### ASSIGNMENT
Once you find the line with "Buffalo Industries Universal" in the listing below, set down exactly every line from it through the line with "Lutheran Theological Southern Seminary logo", but no pictures.

== MATERIAL SUPPLIED ==

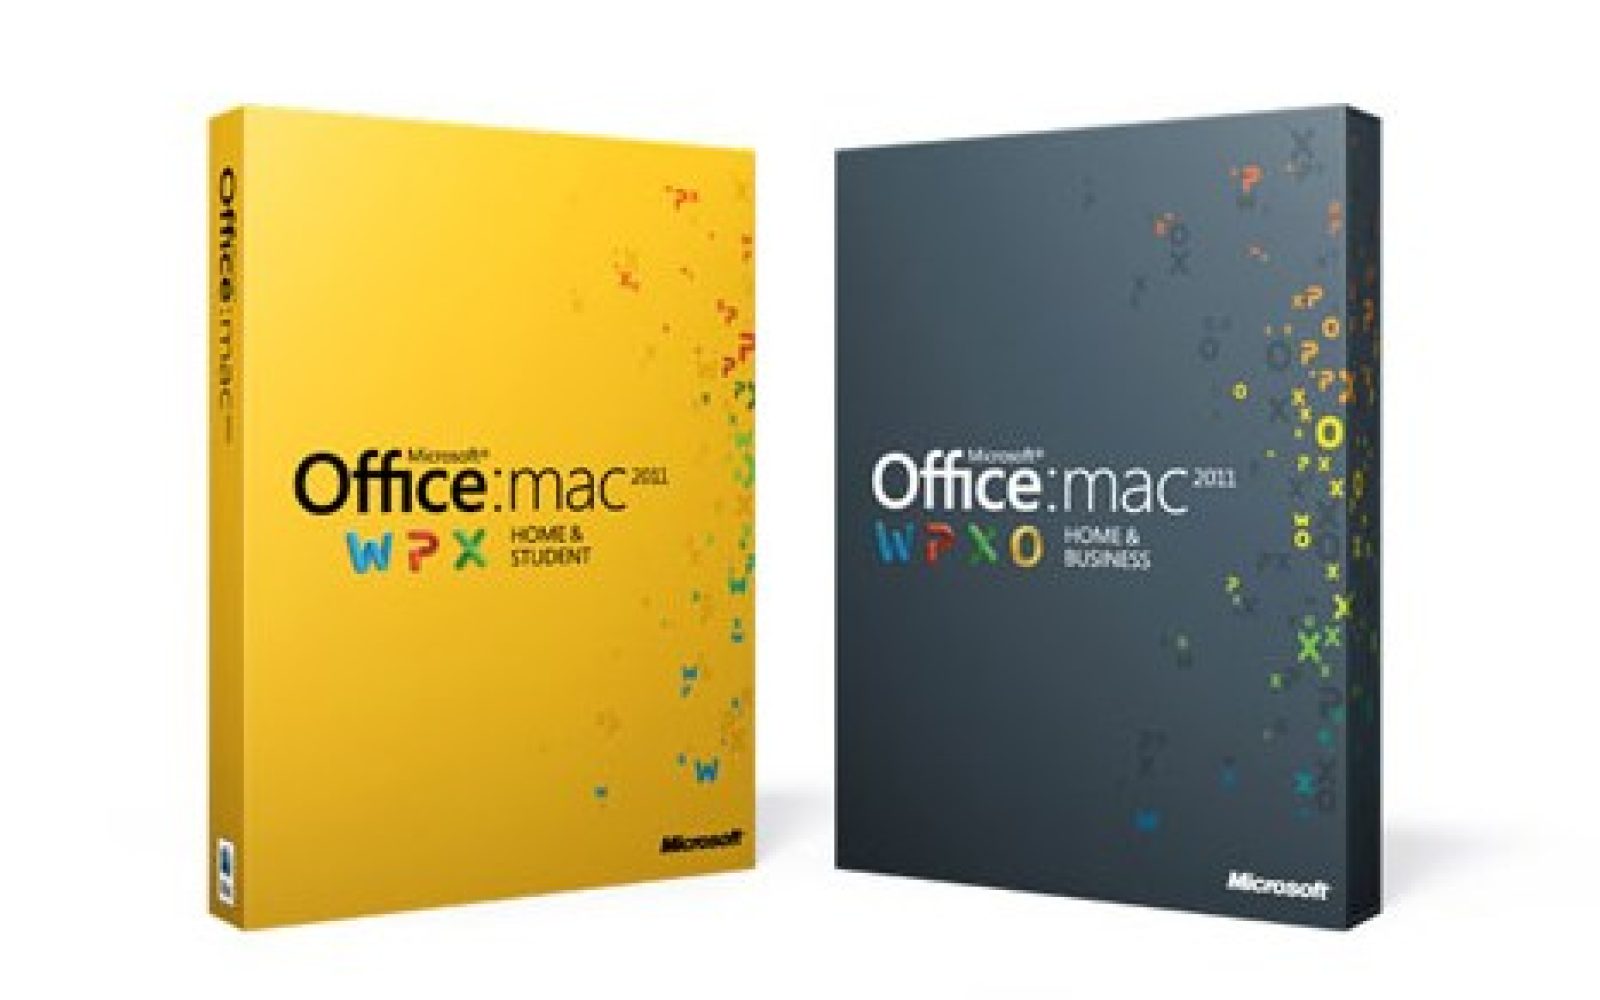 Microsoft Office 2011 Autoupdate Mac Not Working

===
== MATERIAL SUPPLIED ==

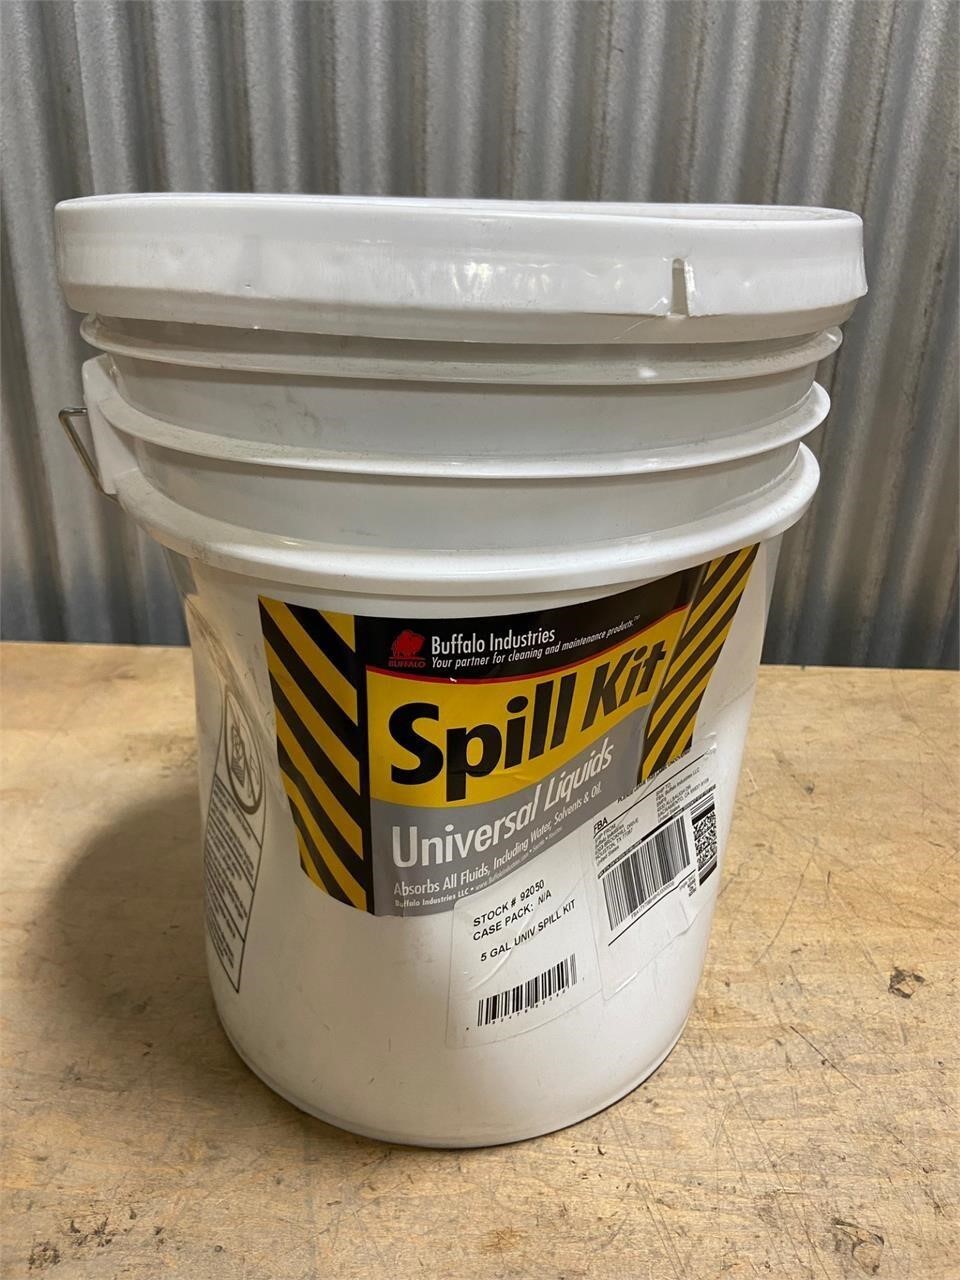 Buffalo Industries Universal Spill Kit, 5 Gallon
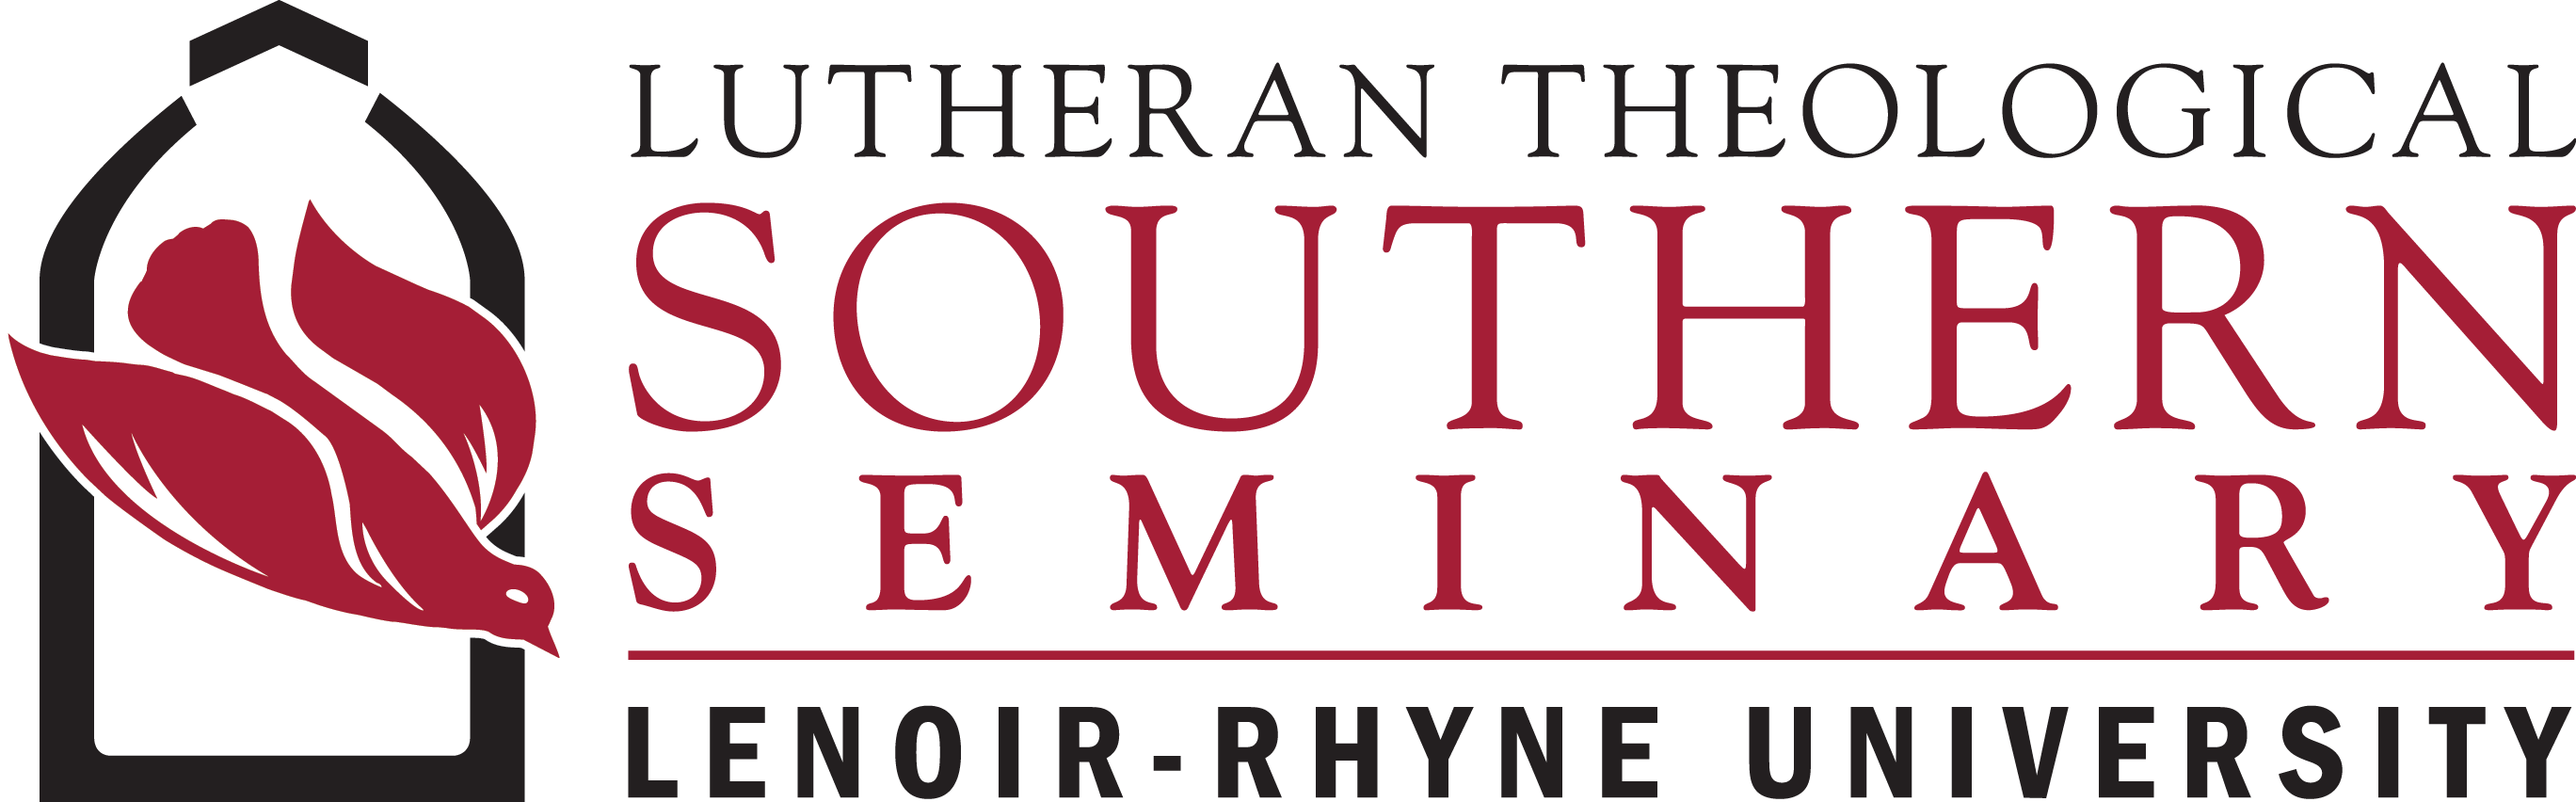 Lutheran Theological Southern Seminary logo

===

### SOLUTION TO THIS TASK
 Buffalo Industries Universal Spill Kit, 5 Gallon
 Lutheran Theological Southern Seminary logo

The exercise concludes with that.